*Requirement*.
When you copy the data that follows, reproduce every word exactly and leave out the images.

---------- Supplied information ----------

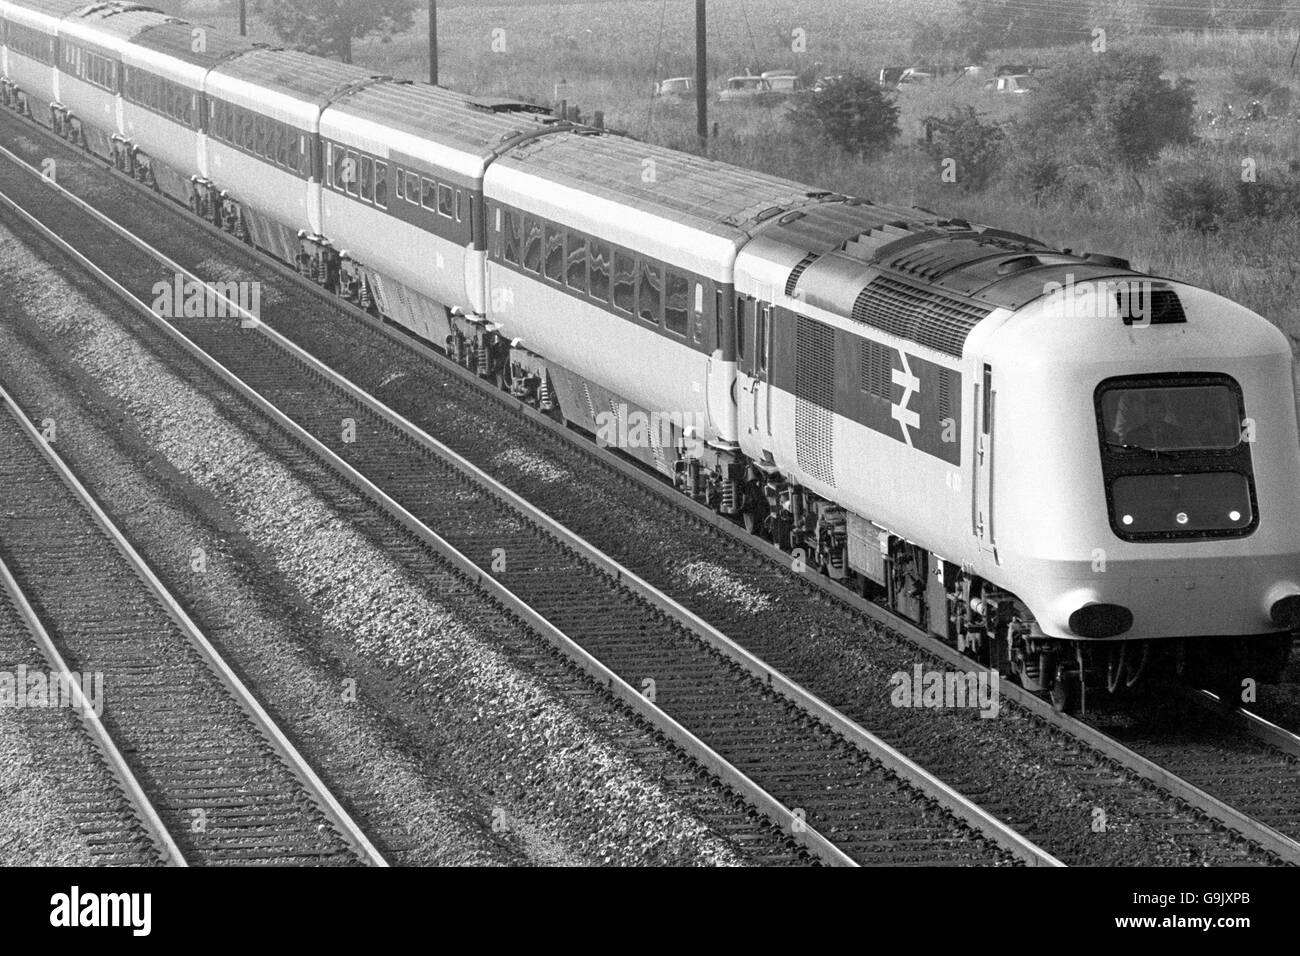 Il nuovo treno ad alta velocità della British Rail passa attraverso Biggleswade in una prova da Londra a Darlington. Si prevede che il treno a 125 miglia/h, che attualmente detiene il record mondiale del treno diesel a 143 miglia/h, opererà sulla maggior parte delle rotte interurbane. Foto Stock
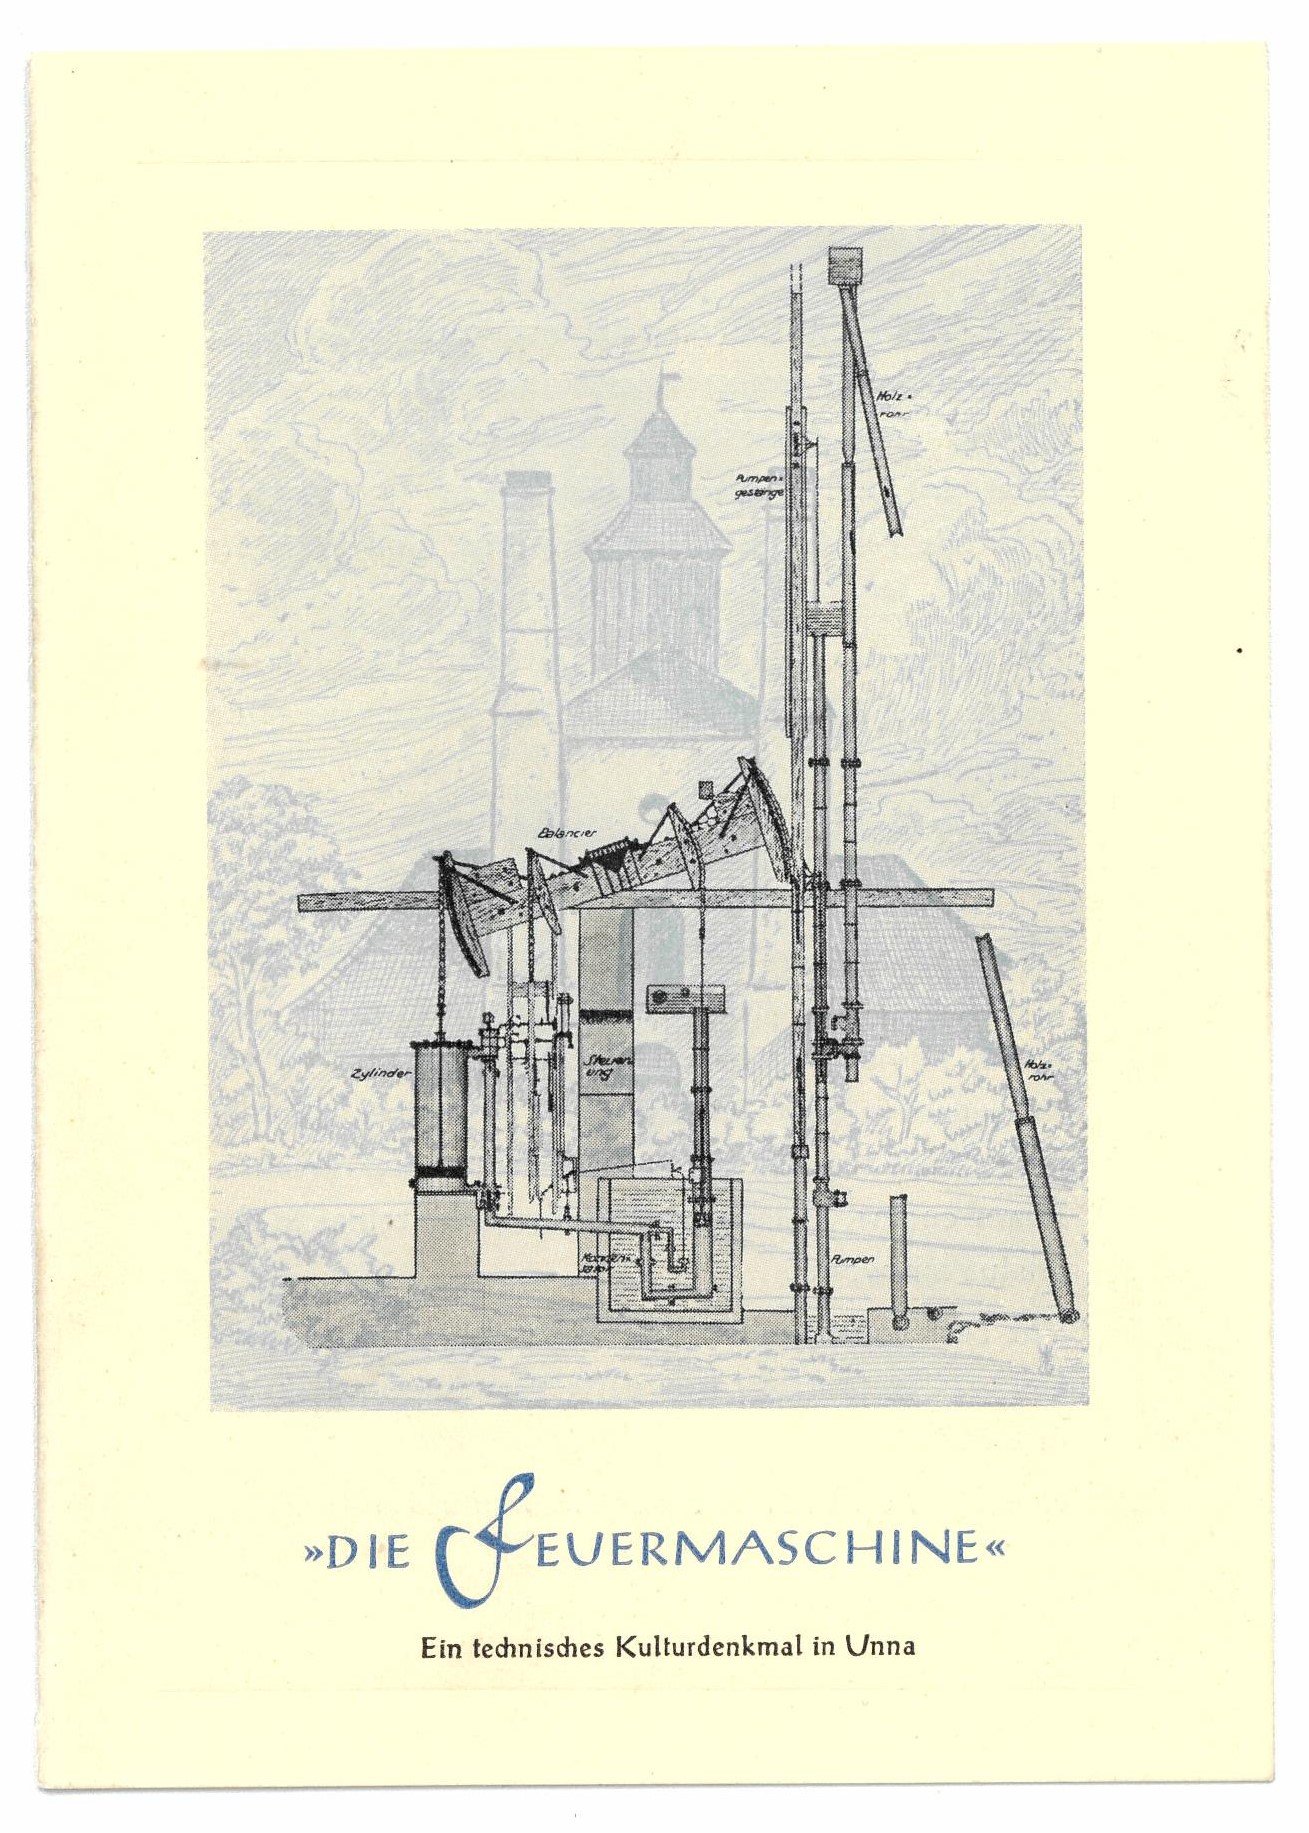 Glückwunschkarte "die Feuermaschine" (Hellweg-Museum Unna CC BY-NC-SA)
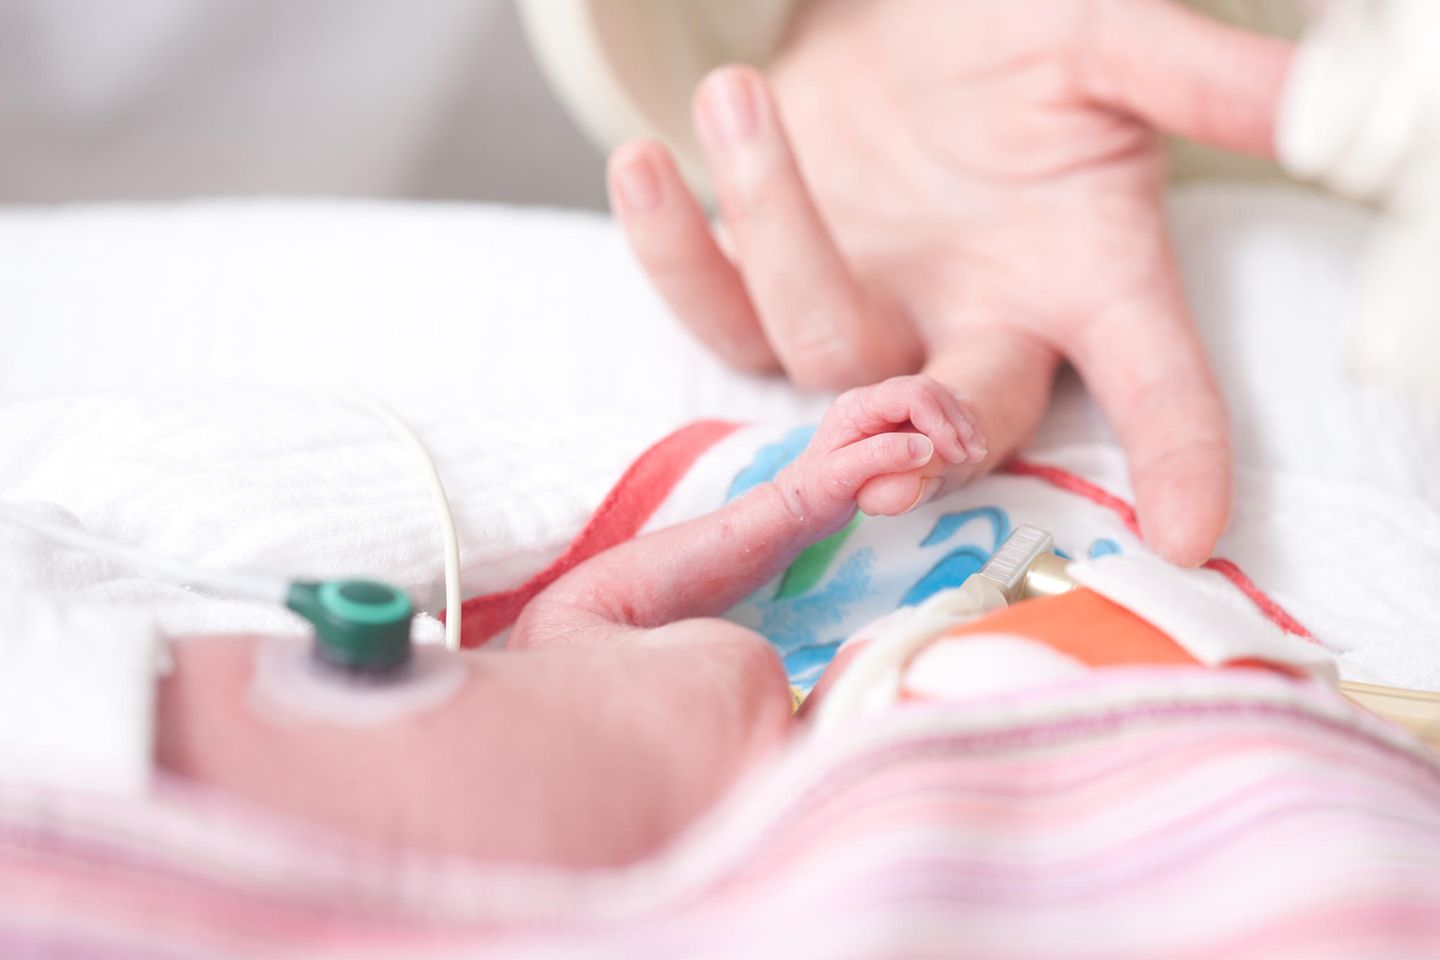 Geburtenstationen: Der medizinische Nutzen des Kuschelns sei weit höher als die Ansteckungsgefahr, argumentiert die WHO

----------

*Problem solution*.
 Il nuovo treno ad alta velocità della British Rail passa attraverso Biggleswade in una prova da Londra a Darlington. Si prevede che il treno a 125 miglia/h, che attualmente detiene il record mondiale del treno diesel a 143 miglia/h, opererà sulla maggior parte delle rotte interurbane. Foto Stock
 Glückwunschkarte "die Feuermaschine" (Hellweg-Museum Unna CC BY-NC-SA)
 Geburtenstationen: Der medizinische Nutzen des Kuschelns sei weit höher als die Ansteckungsgefahr, argumentiert die WHO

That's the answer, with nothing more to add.